Exercise:
Reproduce, exactly and in full, the lines from the one with "Christmas Background Wallpaper" through the one with "How To Draw" in the data below; drop pictures.

Record set:
--- START ---

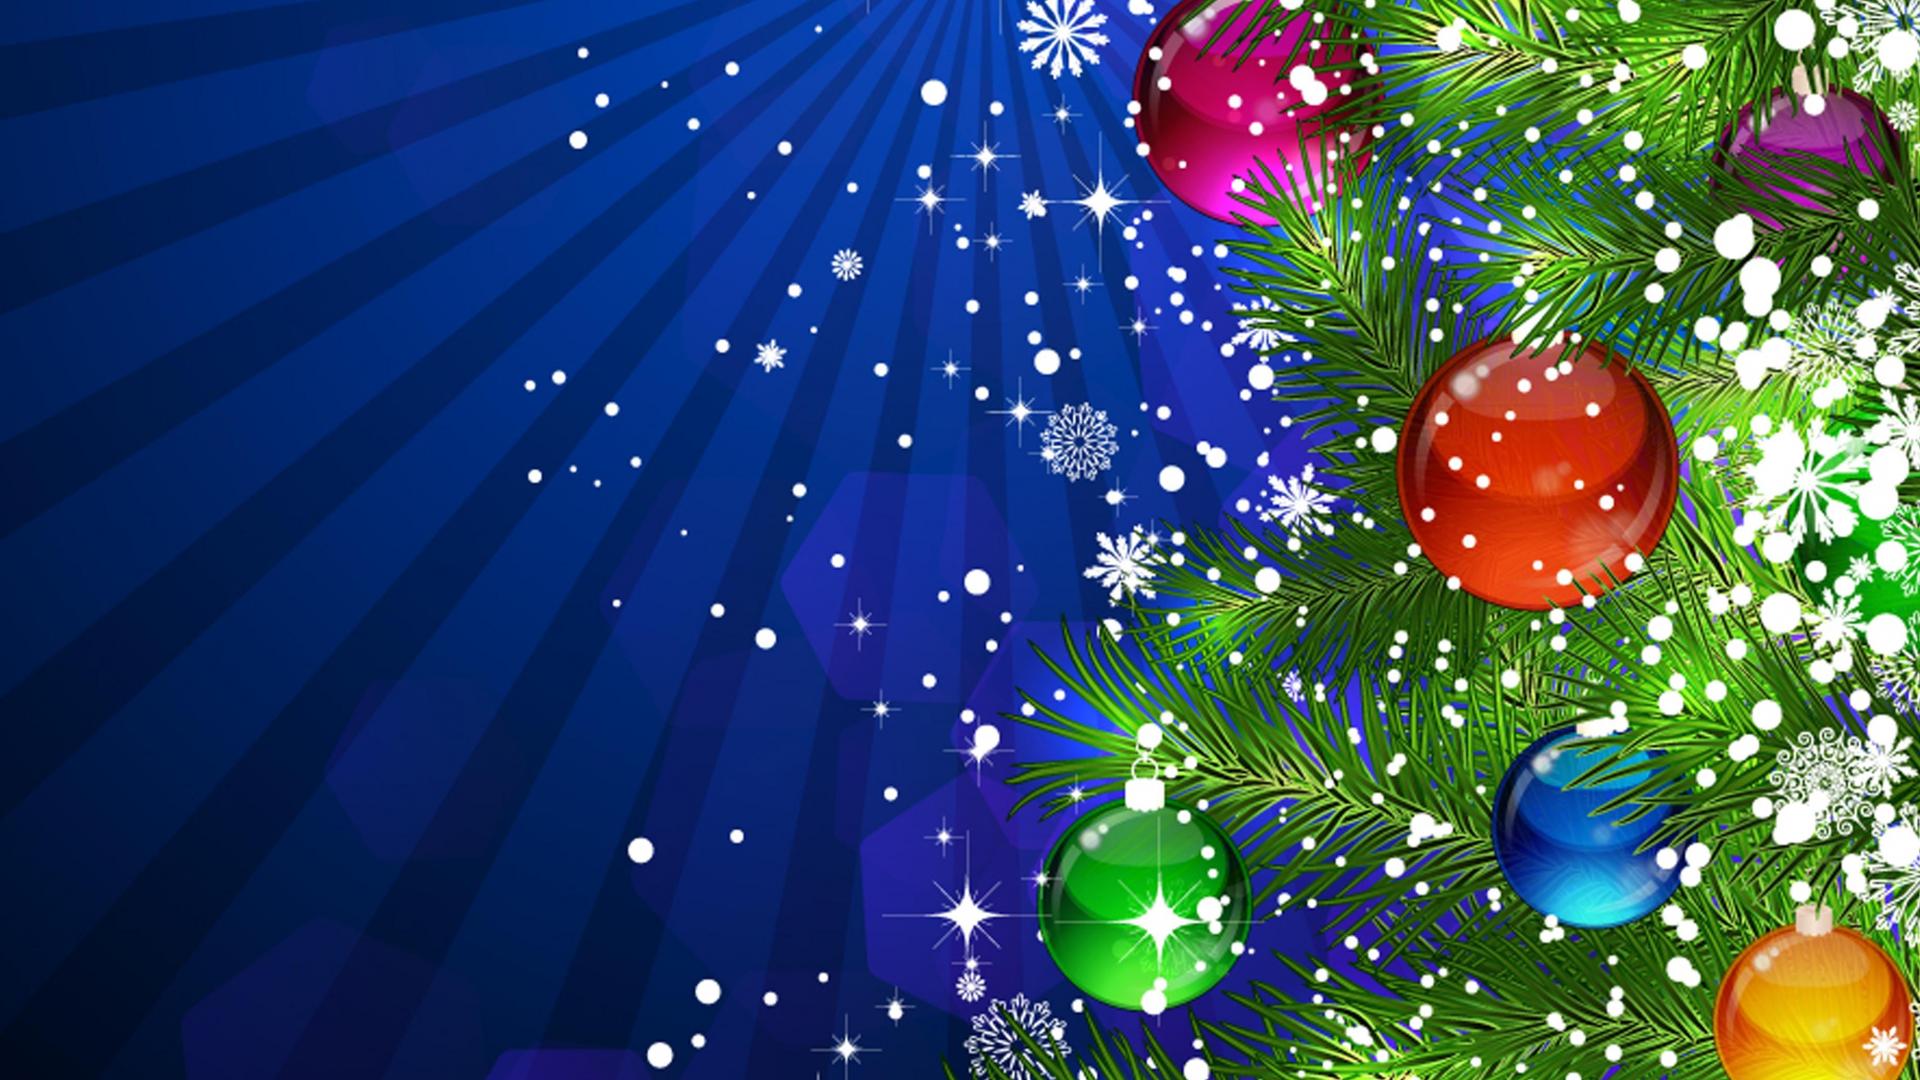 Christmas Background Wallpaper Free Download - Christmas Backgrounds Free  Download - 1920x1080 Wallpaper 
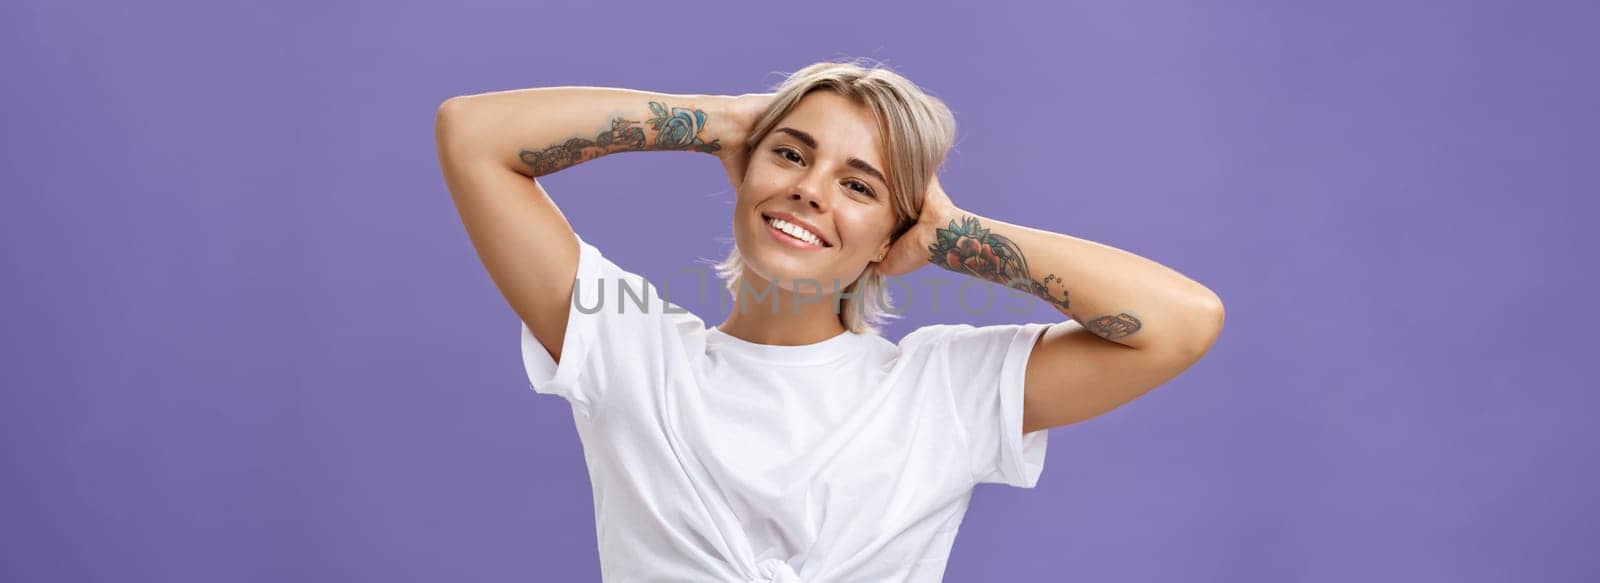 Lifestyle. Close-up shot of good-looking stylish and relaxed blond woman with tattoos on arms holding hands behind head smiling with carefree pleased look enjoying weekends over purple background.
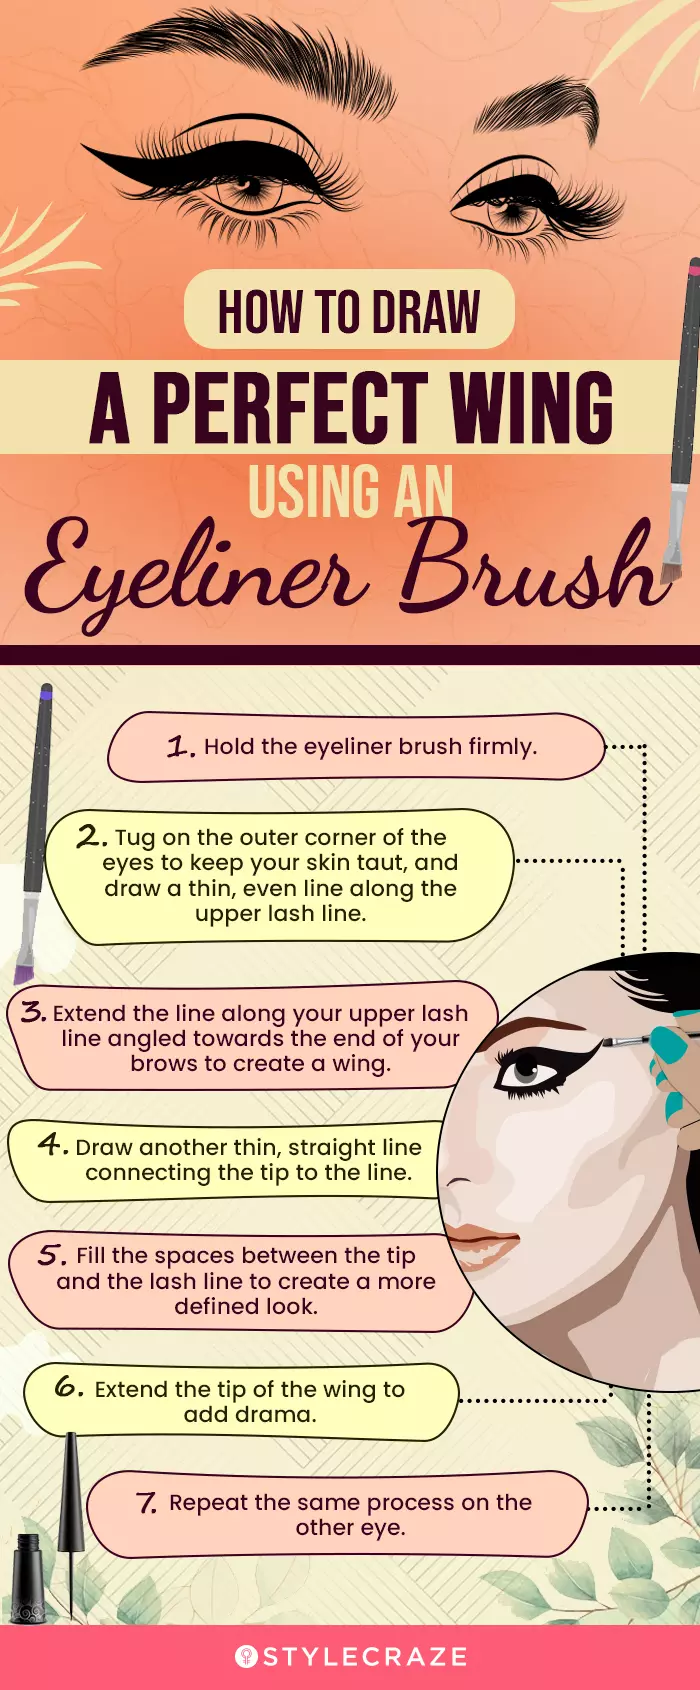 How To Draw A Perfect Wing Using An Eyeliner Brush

--- END ---
--- START ---

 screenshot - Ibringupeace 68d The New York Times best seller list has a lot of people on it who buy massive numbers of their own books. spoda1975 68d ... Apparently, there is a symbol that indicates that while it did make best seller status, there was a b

--- END ---

Response:
 Christmas Background Wallpaper Free Download - Christmas Backgrounds Free  Download - 1920x1080 Wallpaper 
 Lifestyle. Close-up shot of good-looking stylish and relaxed blond woman with tattoos on arms holding hands behind head smiling with carefree pleased look enjoying weekends over purple background.
 How To Draw A Perfect Wing Using An Eyeliner Brush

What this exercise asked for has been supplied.